『秘密の花園-蜜の家-』




 ドアノブに手をかけてみると、予想通りにすんなり扉が開いた。
「またか・・・」
 ため息を深くついてから玄関へ足を踏み入れると、これもまた予想通りの光景が目に飛び込んできた。
 ポーチには乱暴に脱ぎ捨てられた靴、その先の廊下には脱ぎ捨てられた服が点々と落ちていて、それを一つ一つ拾いあげながら前に進む。
「道しるべかよ・・・」
 この家に間借りしてからおよそ一年。
 さすがにもう慣れてきたが、夜勤と日勤を続けた身としては、疲れが増してくる。
 集めた物をランドリーバスケットに放り込んでからリビングのドアを開けた。
「ただいま・・・?」
 声を落として呼びかけてみるが、応えはない。
 キッチンカウンターの上には食器の残骸、そして広々としたリビングも床に色々放り出されていて、たった数日の不在でよくぞここまでと肩を落とした。

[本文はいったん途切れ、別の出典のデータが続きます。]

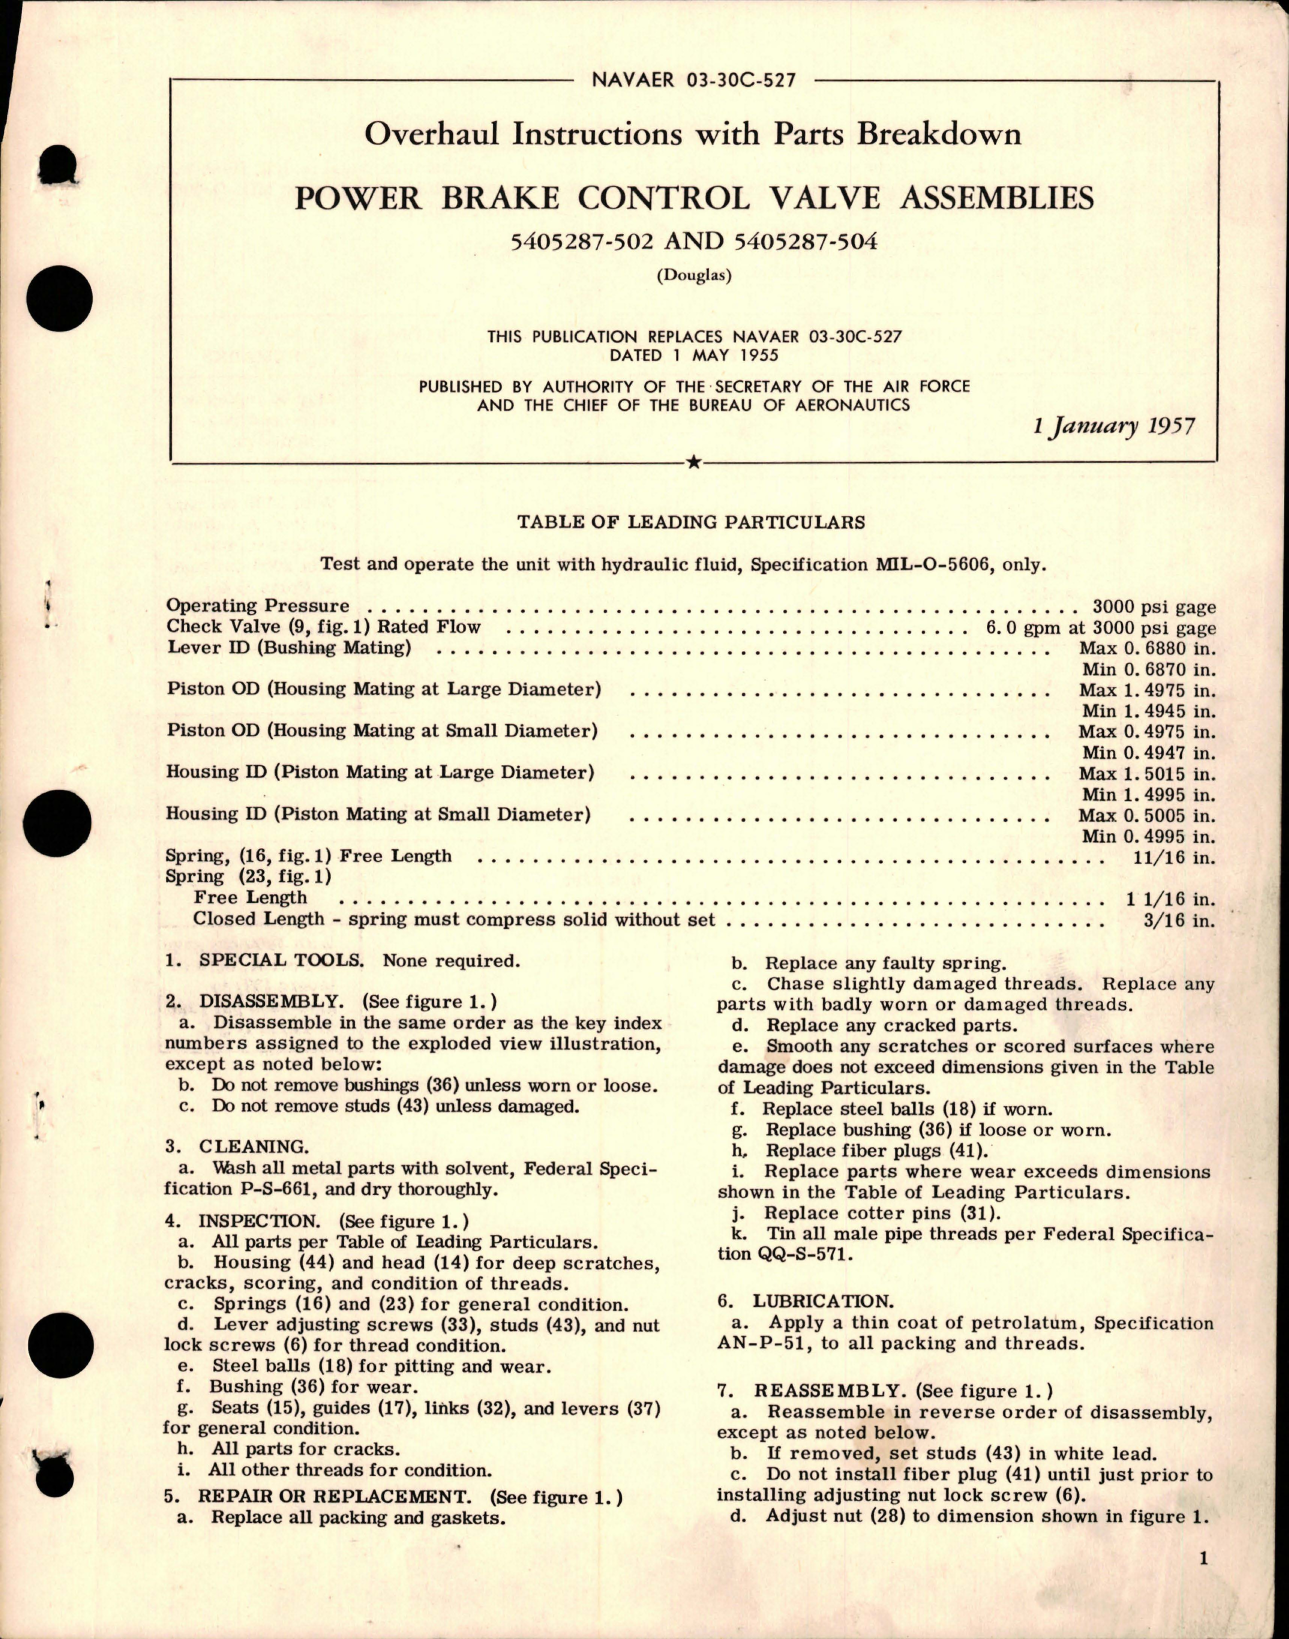 Sample page 1 from AirCorps Library document: Overhaul Instructions with Parts for Power Brake Control Valve Assemblies - 5405287-502 and 5405287-504

 レースのカーテンしか掛けられていない窓からは月明かりが差し込み、その先にはソファーセットがある。
 資料やノートパソコンが広げっぱなしになっているテーブルの傍らに足を進めた。
 長く延ばされたソファーに毛布が乱暴にかかっており、それがゆっくりと規則正しく上下していた。
 重ねられたクッションの上には暗闇にも艶やかな黒髪が伏せられ、しなやかな白い腕と肩が毛布からはみ出ている。

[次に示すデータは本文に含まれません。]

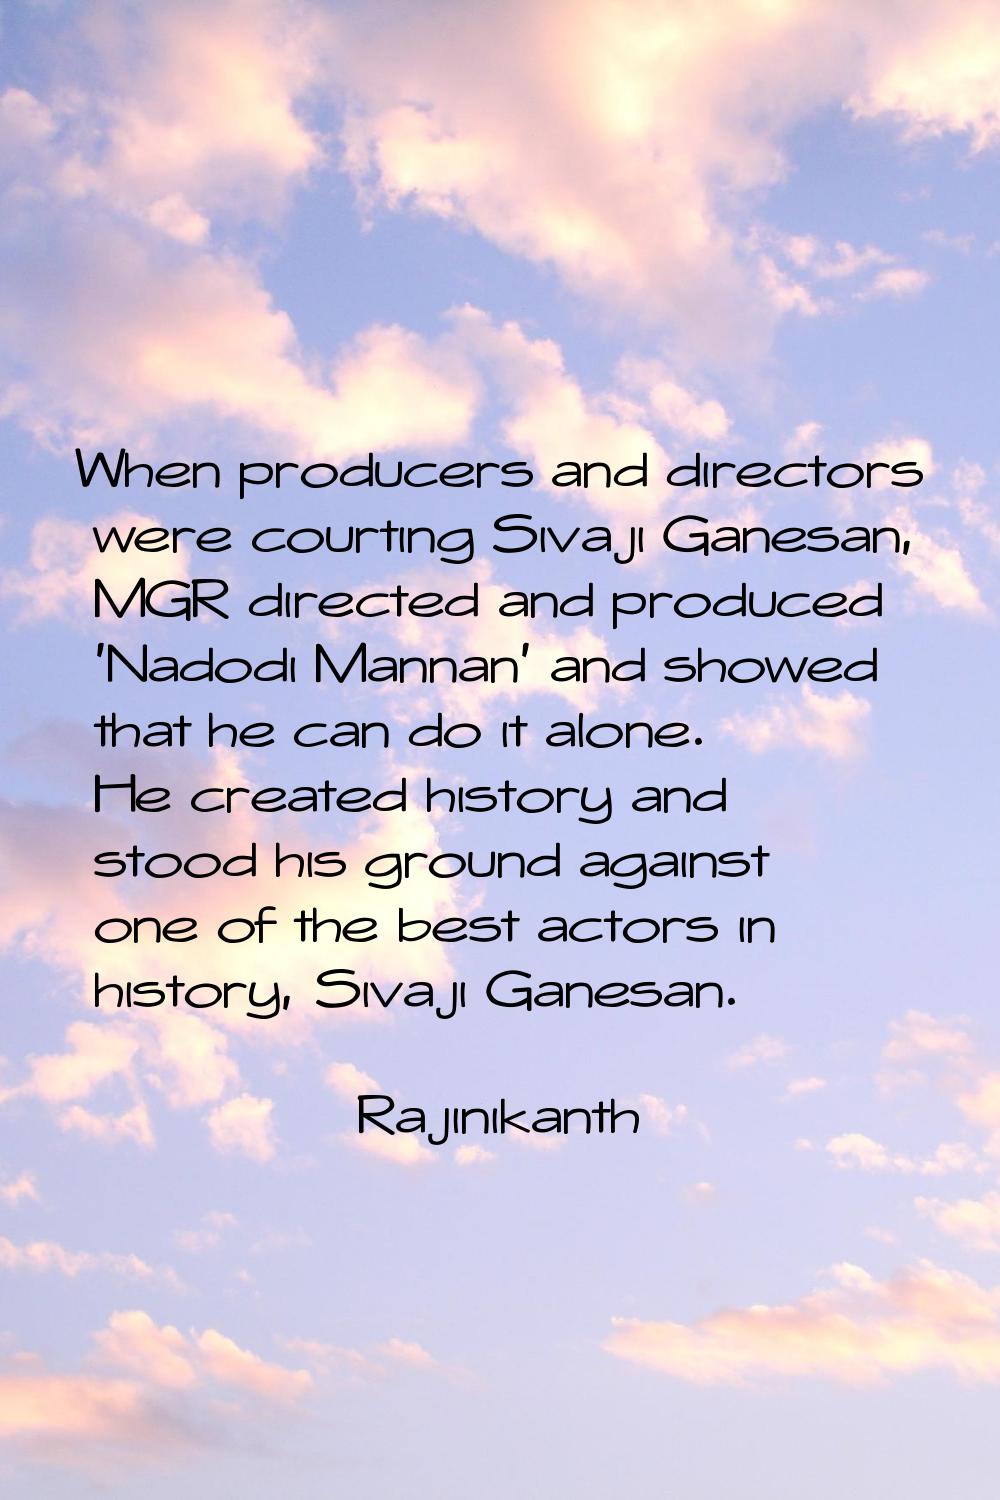 When producers and directors were courting Sivaji Ganesan, MGR directed and produced 'Nadodi Mannan

 薄明かりの中、白い肌が浮き上がり、夜の花のような芳香を放つ。
 毛布の下の、白い身体のなめらかさを思うと目眩すら感じる。
 世の中に、これほど魅惑的な生き物を知らない。
 例えようもなく、甘い身体。
 すっかり虜になっている事を自覚せずにはいられない。
 ただただ、食い入るようにその白いうなじを見つめていると、ふいに動いた。
「ん・・・」
 鼻から抜ける声すらどこか甘さを含んでいる。
「・・・かつ・・・み?」
 寝返りを打って仰向く小さな顔。
 閉じられたままだった瞼がゆっくり開くと、金色に光る瞳が現われる。
「帰ってきたのか・・・」
 手の甲を眉間に押し当てると、毛布が落ちて薄い桜色にほんのりと染まった胸元があらわになる。
 さらにその先の二つの紅い突起が目にとまると、もう膝を折るしかない。
「そんな格好で・・・。風邪を引く」
 平静を装ってみたところで、この金色の目は全てお見通しと言わんばかりに、にいっと笑う。
 金色の瞳の、孤高の獣。
 自分は彼の思うままだ。
「来いよ、勝己」
 薄い下唇を白くて形の良い指先でゆっくりとなぞって見せる。
 ちらりと覗く小さな舌と白い歯。
 濡れた吐息がこぼれた。
 この男の誘いにあらがえる人はいるのだろうか。
 眉をひそめ、その唇を追う。
「これ以上煽るな、憲・・・」

 ここは蜜の家。
 甘い香りと肉に溺れた、二匹の獣が絡み合う。